Stored entries
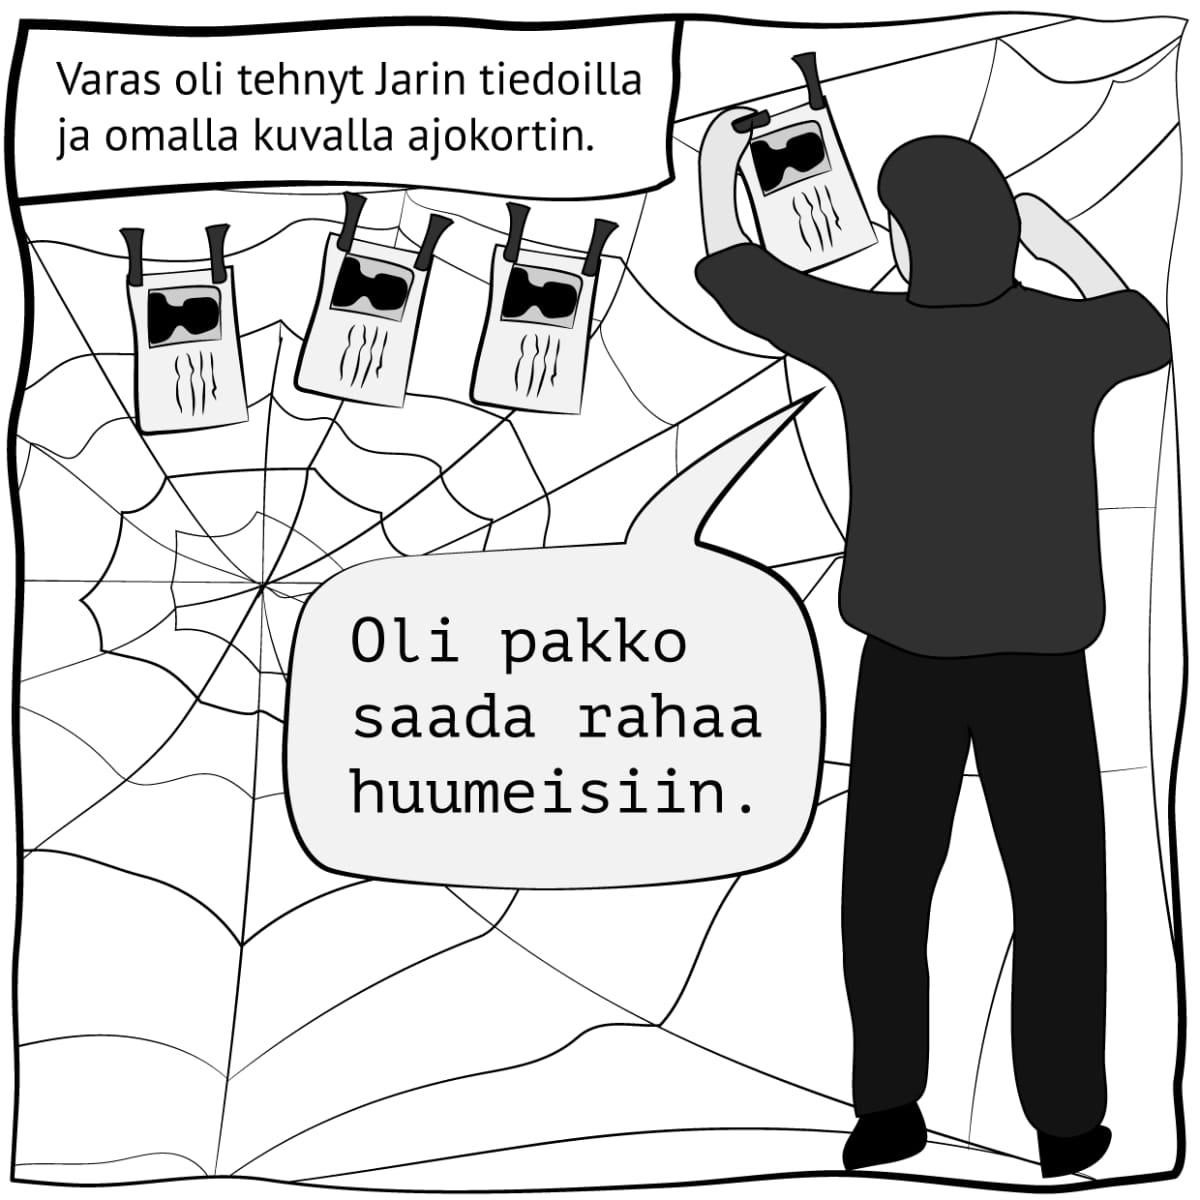 """Piirroskuva, jossa lukee: """"Varas oli tehnyt Jarin tiedoilla ja omalla kuvalla ajokortin"""". Kuva: Stina Tuominen / Yle"""
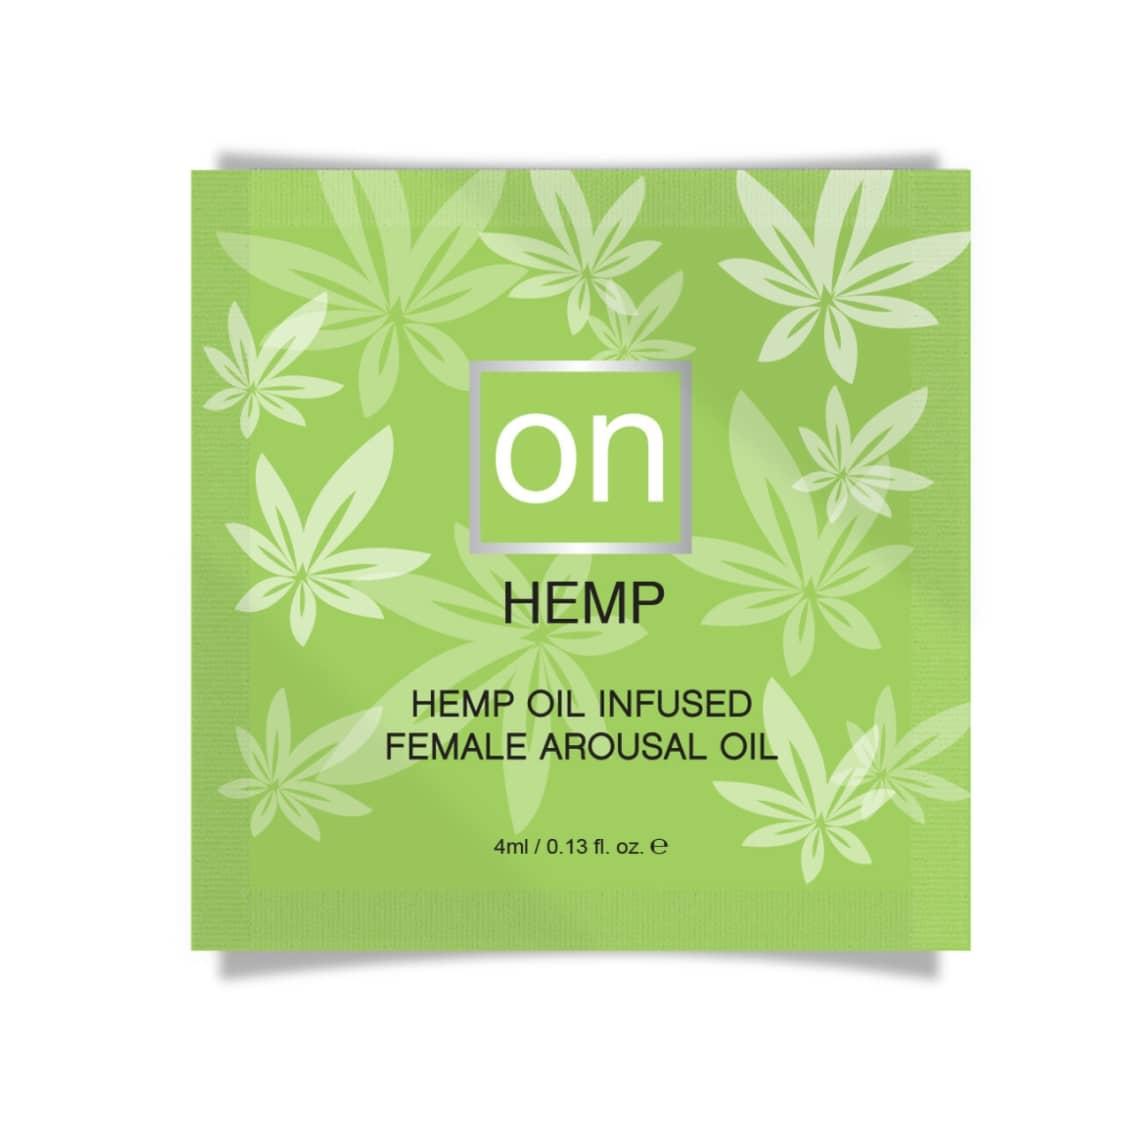 On Hemp – Hemp Oil Infused Female Arousal Gel
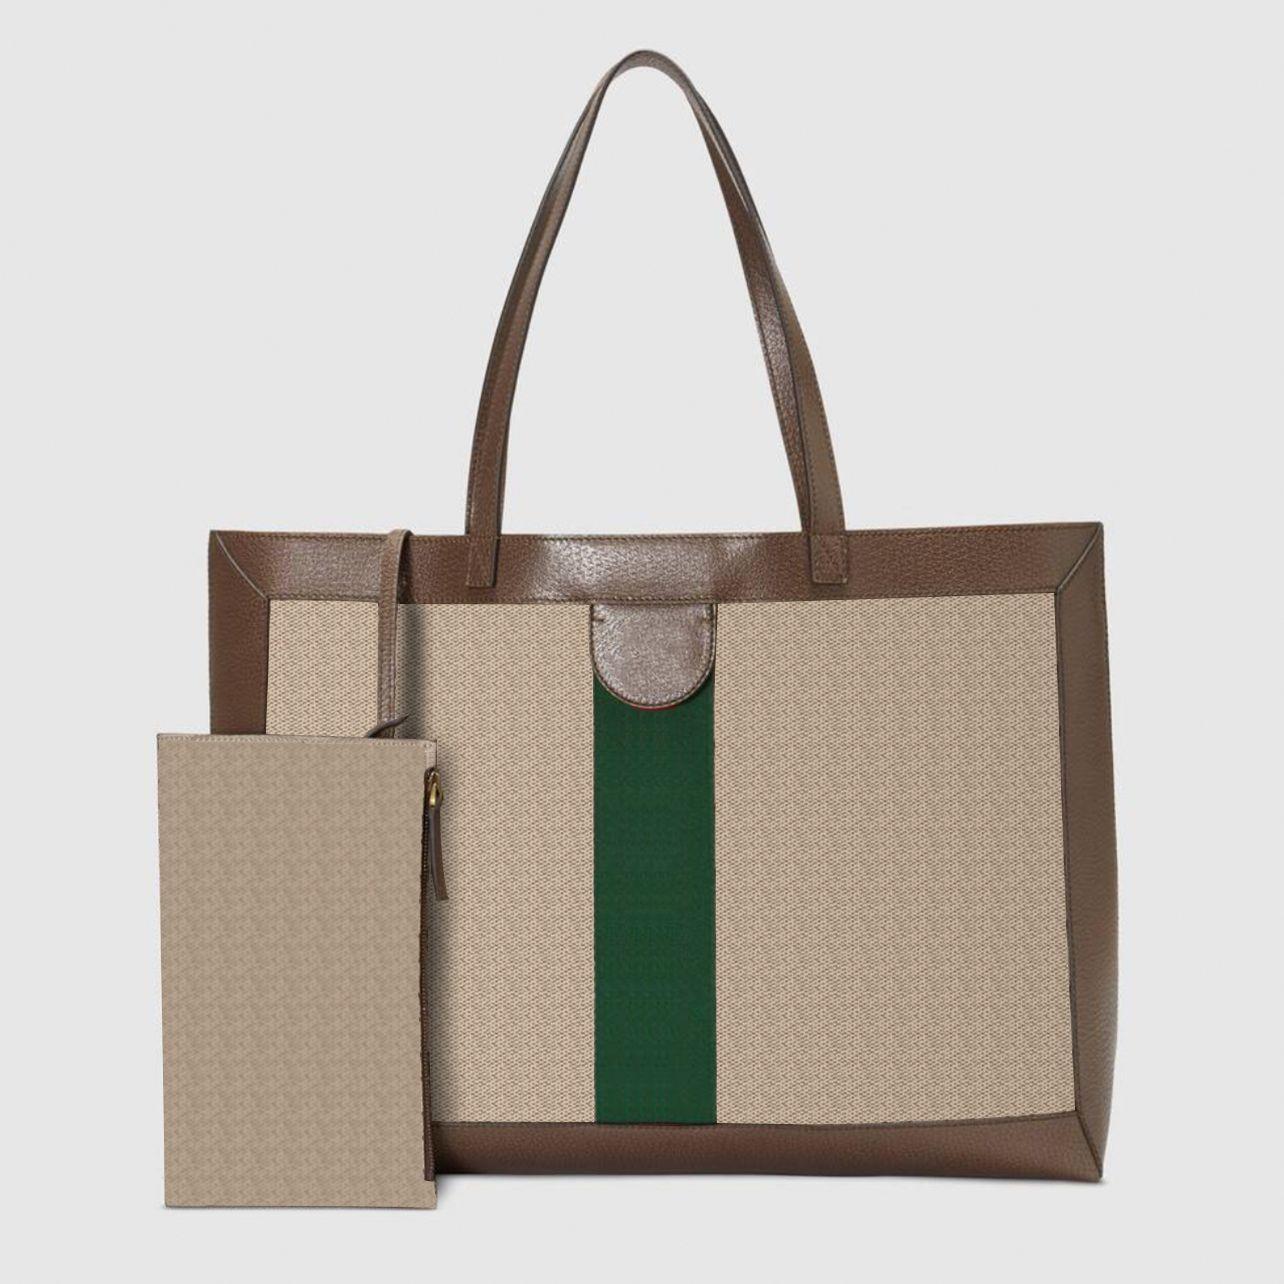 574796 سوبر سعة كبيرة ناعمة المرأة متوسطة اليد مع الحقيبة الإضافية الحقيبة الأخضر الأحمر على شبكة الإنترنت سيدة حقيبة يد
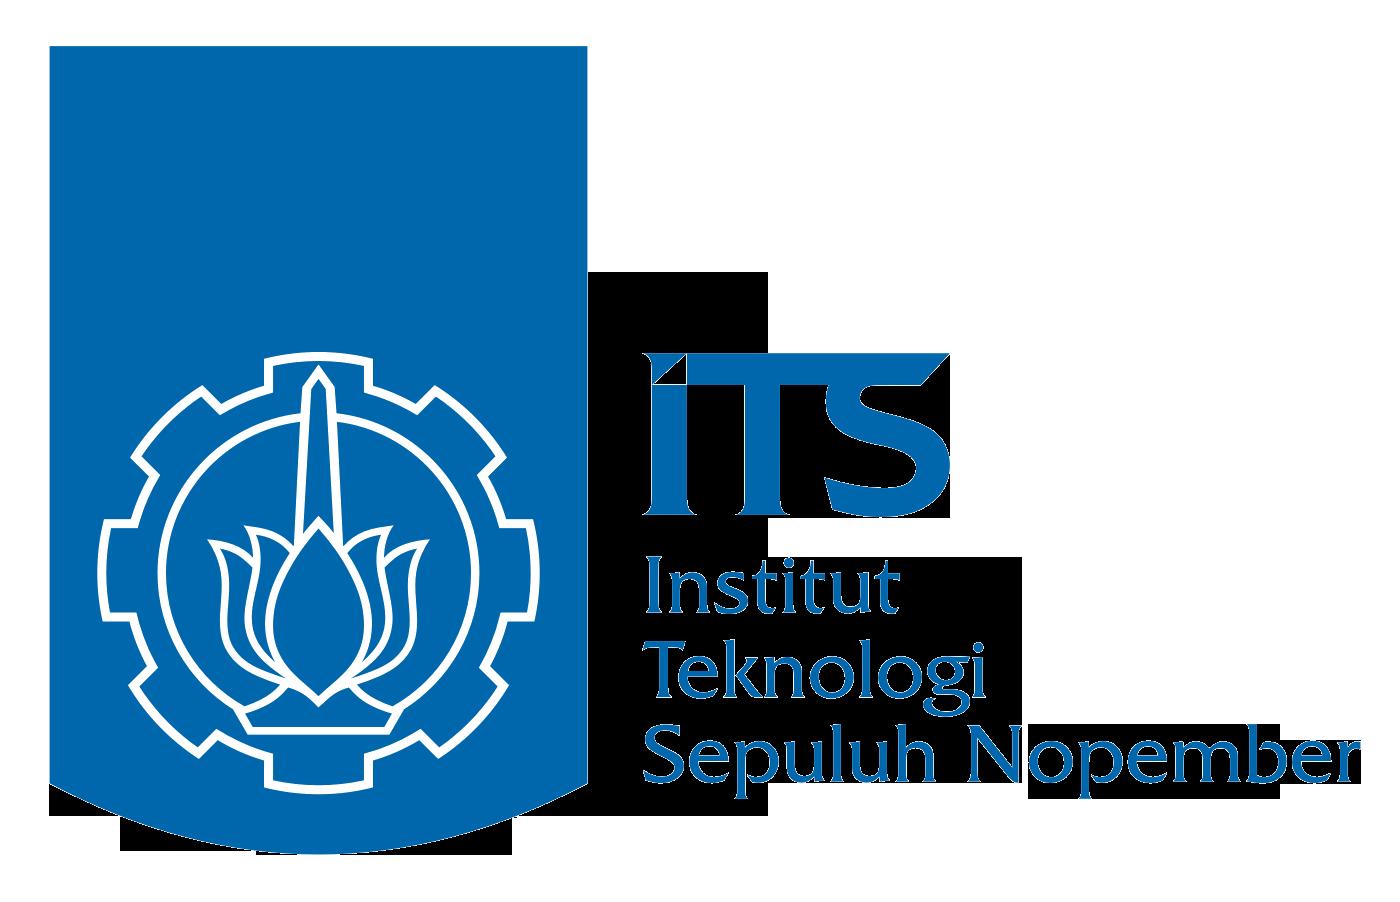 Biaya Kuliah ITS Surabaya (Institut Teknologi Sepuluh Nopember) 2020/2021
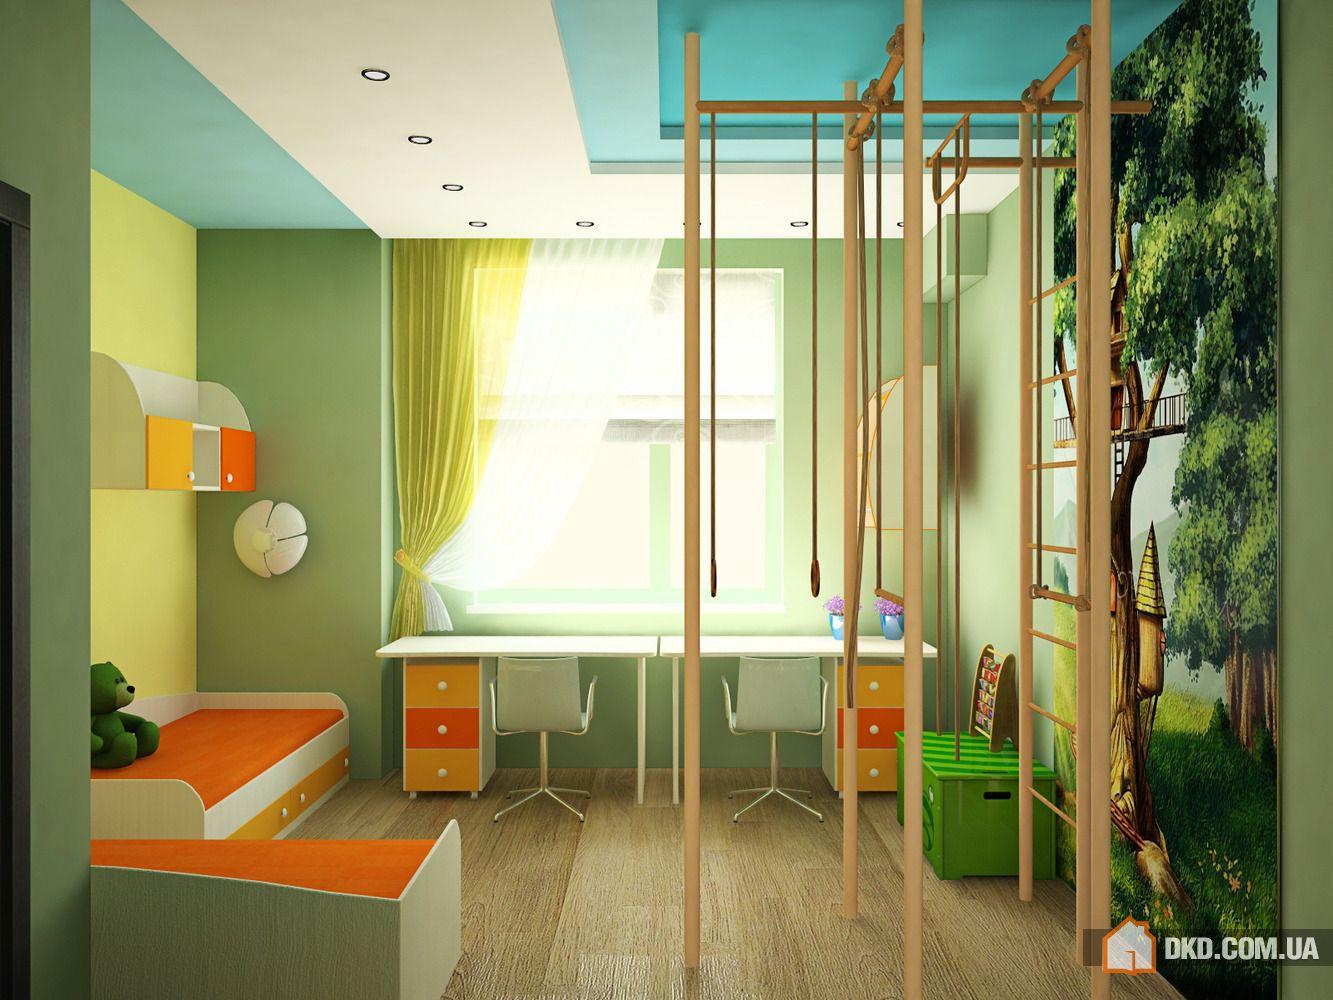 Проект: детская комната для двух детей, автор екатерина коло.

**WORK TO BE COMPLETED**
The records above are to be copied exactly, without their pictures.

**TASK OUTPUT**
 """Piirroskuva, jossa lukee: """"Varas oli tehnyt Jarin tiedoilla ja omalla kuvalla ajokortin"""". Kuva: Stina Tuominen / Yle"""
 On Hemp – Hemp Oil Infused Female Arousal Gel
 574796 سوبر سعة كبيرة ناعمة المرأة متوسطة اليد مع الحقيبة الإضافية الحقيبة الأخضر الأحمر على شبكة الإنترنت سيدة حقيبة يد
 Biaya Kuliah ITS Surabaya (Institut Teknologi Sepuluh Nopember) 2020/2021
 Проект: детская комната для двух детей, автор екатерина коло.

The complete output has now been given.